How to complete this task:
What the task requires is an exact printout of the listing below, pictures excluded.

Data section:
*** Block opens ***

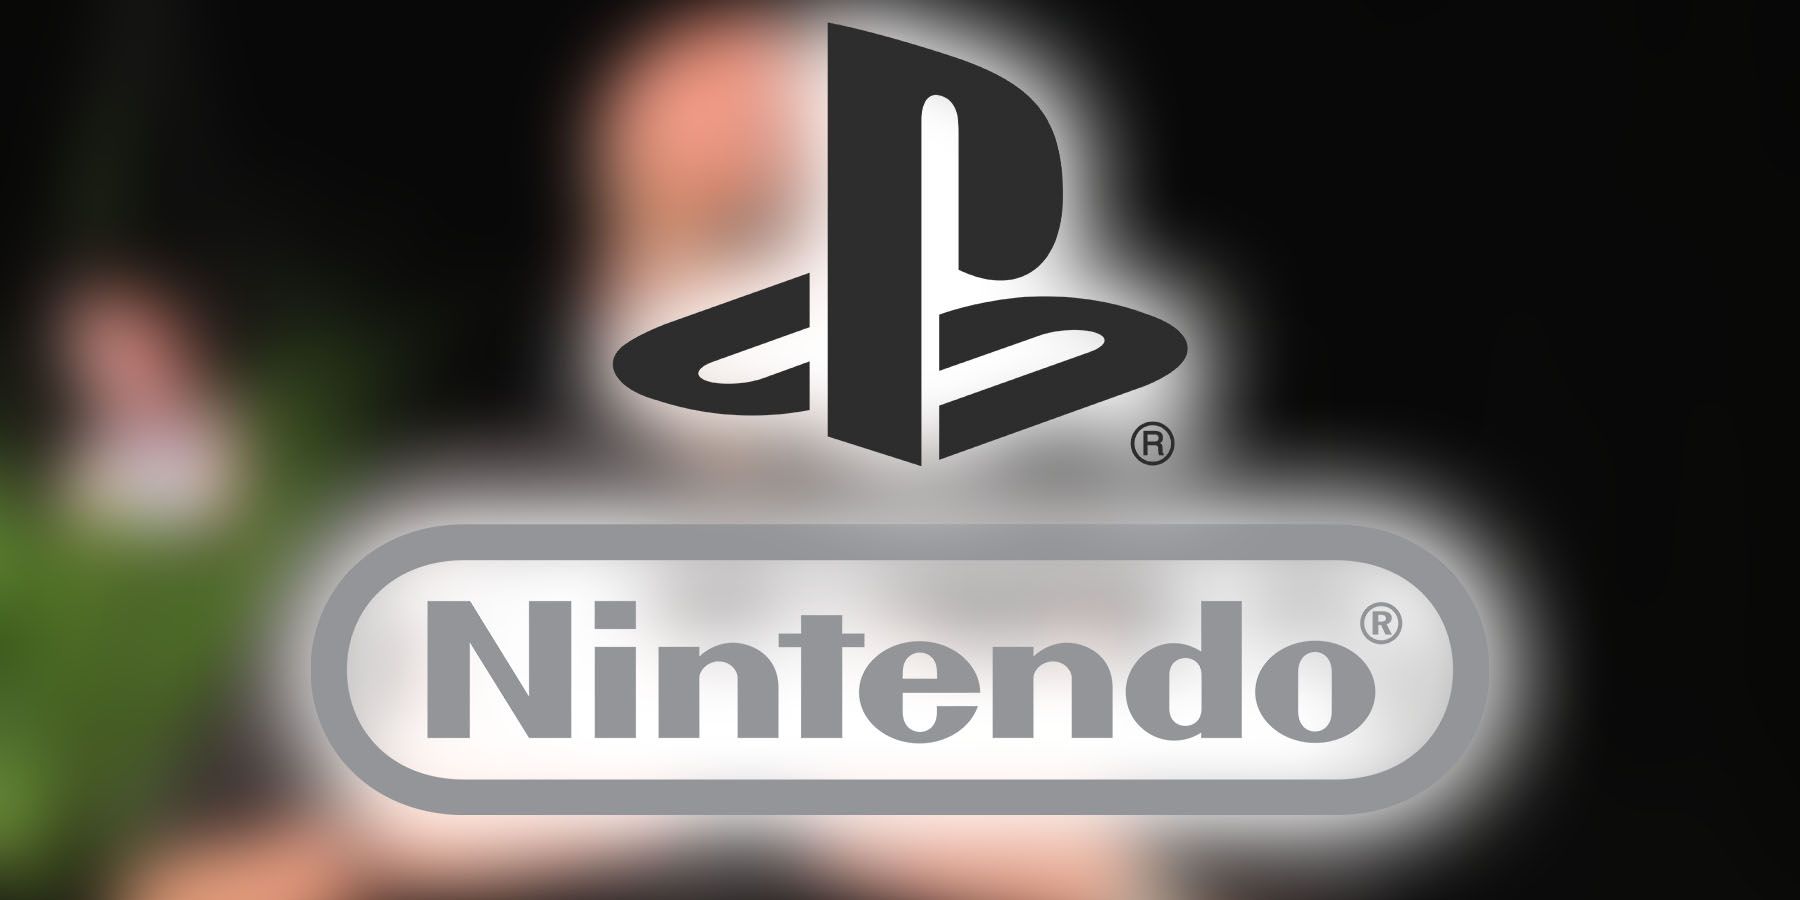 former playstation exec has joined nintendo
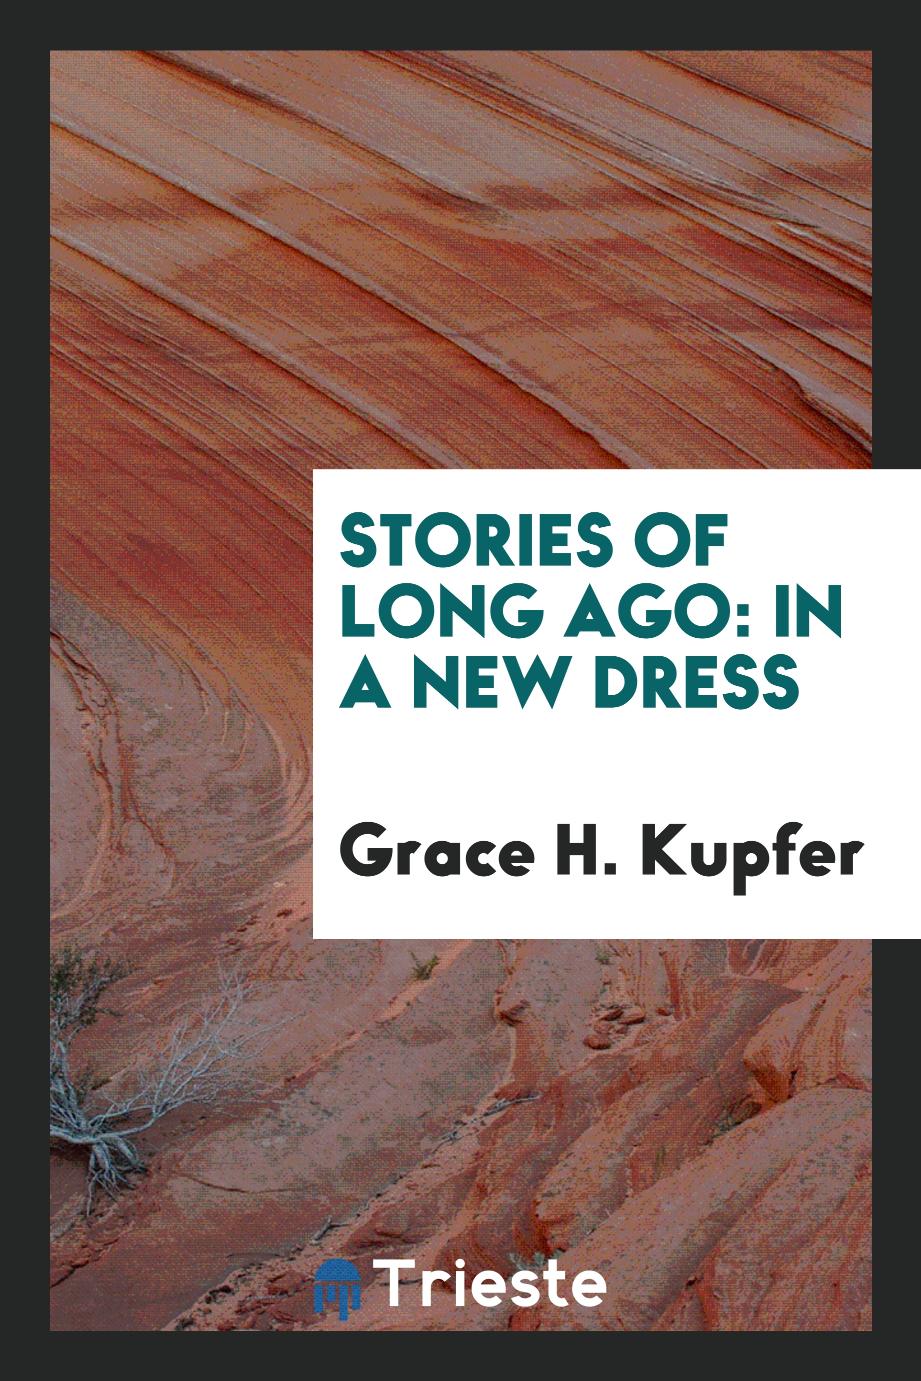 Stories of long ago: in a new dress
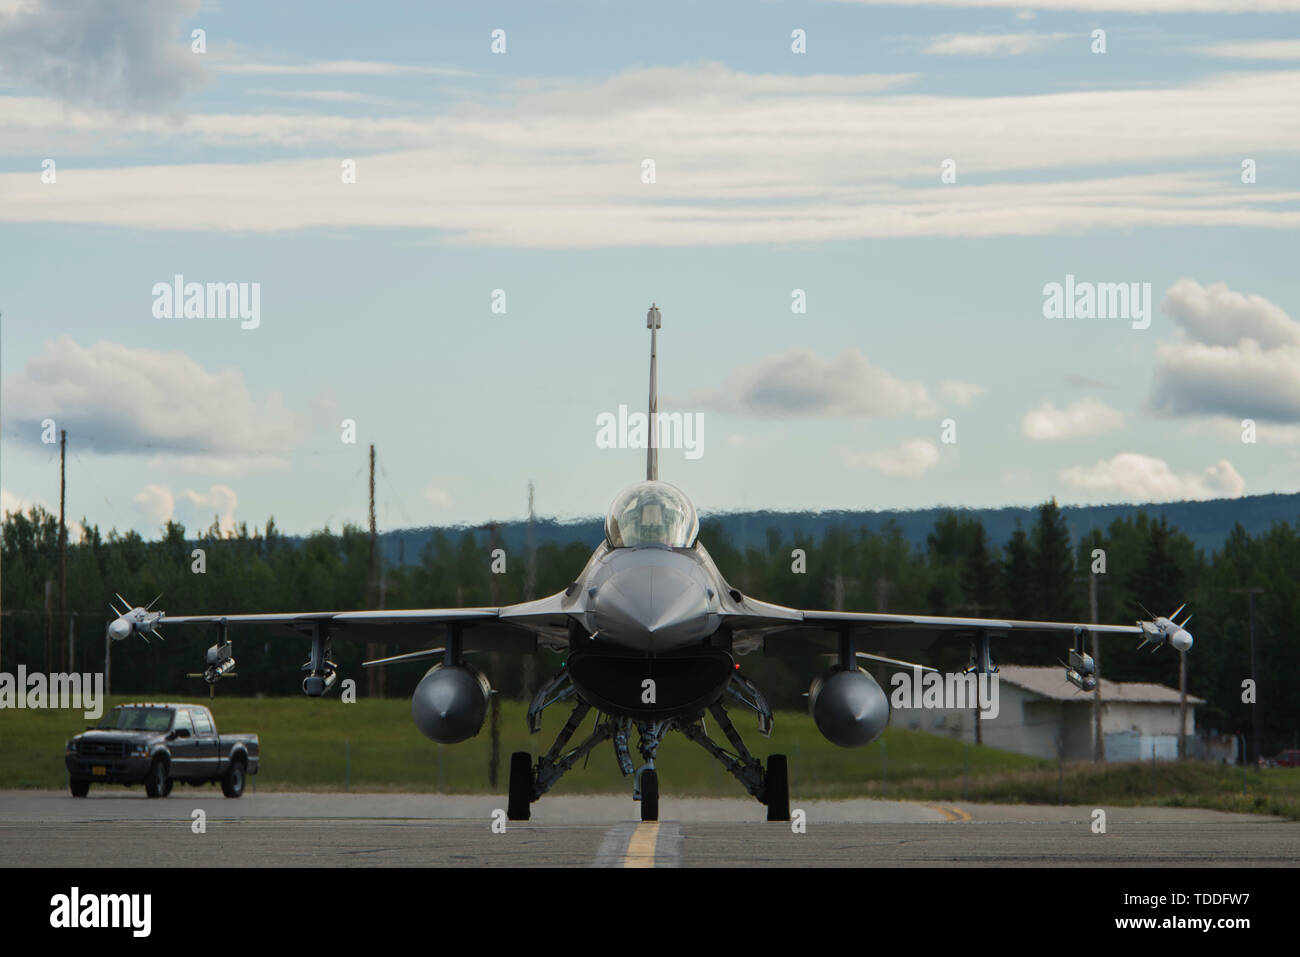 A U.S. Air Force F-16 Fighting Falcon assigned to the 18th Aggressor Squadron (AGRS), taxis toward the flightline during RED FLAG-Alaska 19-2 at Eielson Air Force Base, Alaska, June 10, 2019. The 18th AGRS replicates enemy tactics to give new pilots from visiting units the experience and training of simulated combat. (U.S. Air Force photo by Airman 1st Class Aaron Larue Guerrisky) Stock Photo

*** Block closes ***

Solution:
 former playstation exec has joined nintendo
 Stories of long ago: in a new dress
 A U.S. Air Force F-16 Fighting Falcon assigned to the 18th Aggressor Squadron (AGRS), taxis toward the flightline during RED FLAG-Alaska 19-2 at Eielson Air Force Base, Alaska, June 10, 2019. The 18th AGRS replicates enemy tactics to give new pilots from visiting units the experience and training of simulated combat. (U.S. Air Force photo by Airman 1st Class Aaron Larue Guerrisky) Stock Photo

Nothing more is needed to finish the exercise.